В наше измерение мы вернулись уже в сумерках и не там, где планировали. Портал размещался далеко за городом. Именно здесь стенка между двумя измерениями была самой тонкой и годилась для перехода.
Через границу нас неохотно пропустили, а вот мешочек серебрушек пришлось отдать. Толстый усатый таможенник укоризненно покачал головой и спрятал честно заработанную мной на параде награду в стол. Все остальное имущество Мурзы не вызвало никаких нареканий.
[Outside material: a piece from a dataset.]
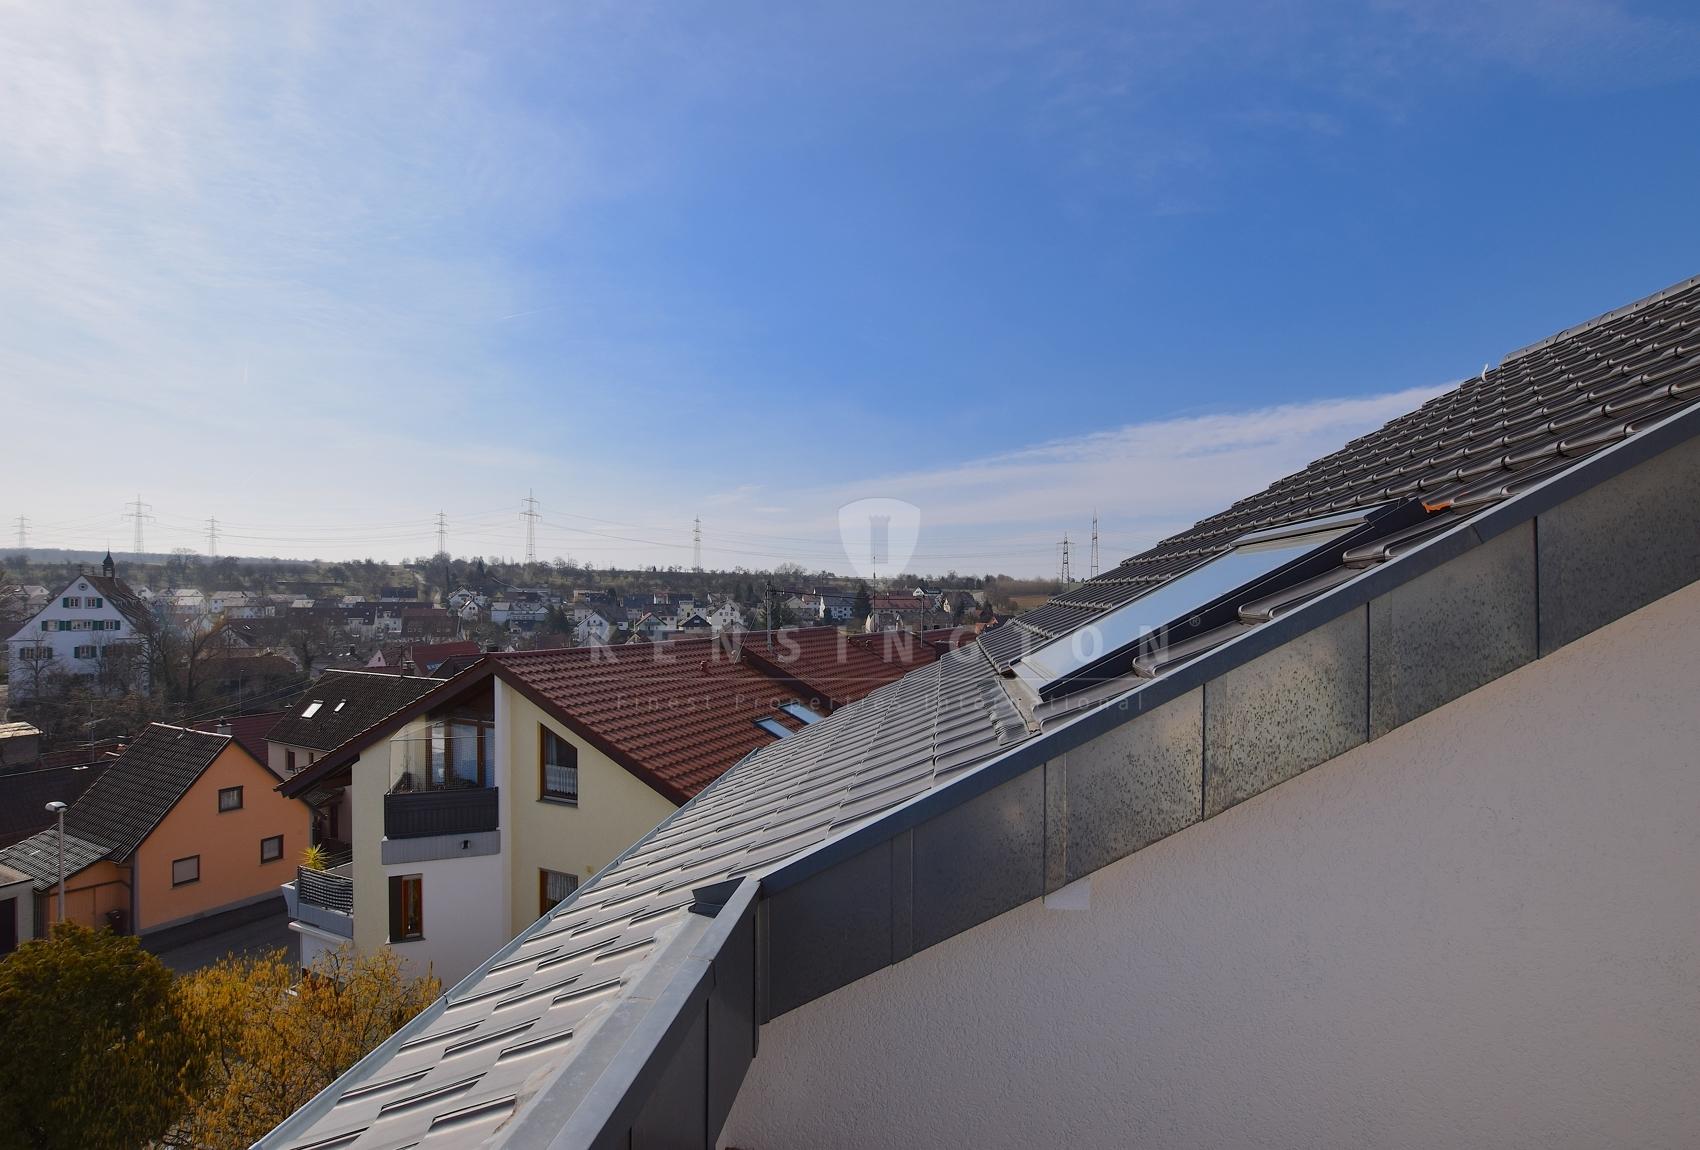 Das Dach wurde erst letztes Jahr modernisiert

Ни старый будильник, ни бутылка, внутри которой затаился Фаня, ни шерстяные носки, связанные заботливыми руками бабушки Яги. Даже Изольда в нагрудном кармане не произвела должного впечатления. Впрочем, благодаря ей удалось сберечь те деньги, которые дал шеф. Так за один день зеленуха умудрилась сохранить лицо и имущество нашего начальника.
Глава 17. Домик в деревне
Школьники загрузились в поджидающий их автобус и укатили восвояси. А мы остались в гордом одиночестве на окраине небольшого села. Мурзик растерянно огляделся по сторонам, решая, куда идти. Я его не торопила. За исключением недавно появившегося здесь портала, эти места были мне хорошо знакомы. Пусть походит, посмотрит, придет в отчаянье, а потом я спасу положение.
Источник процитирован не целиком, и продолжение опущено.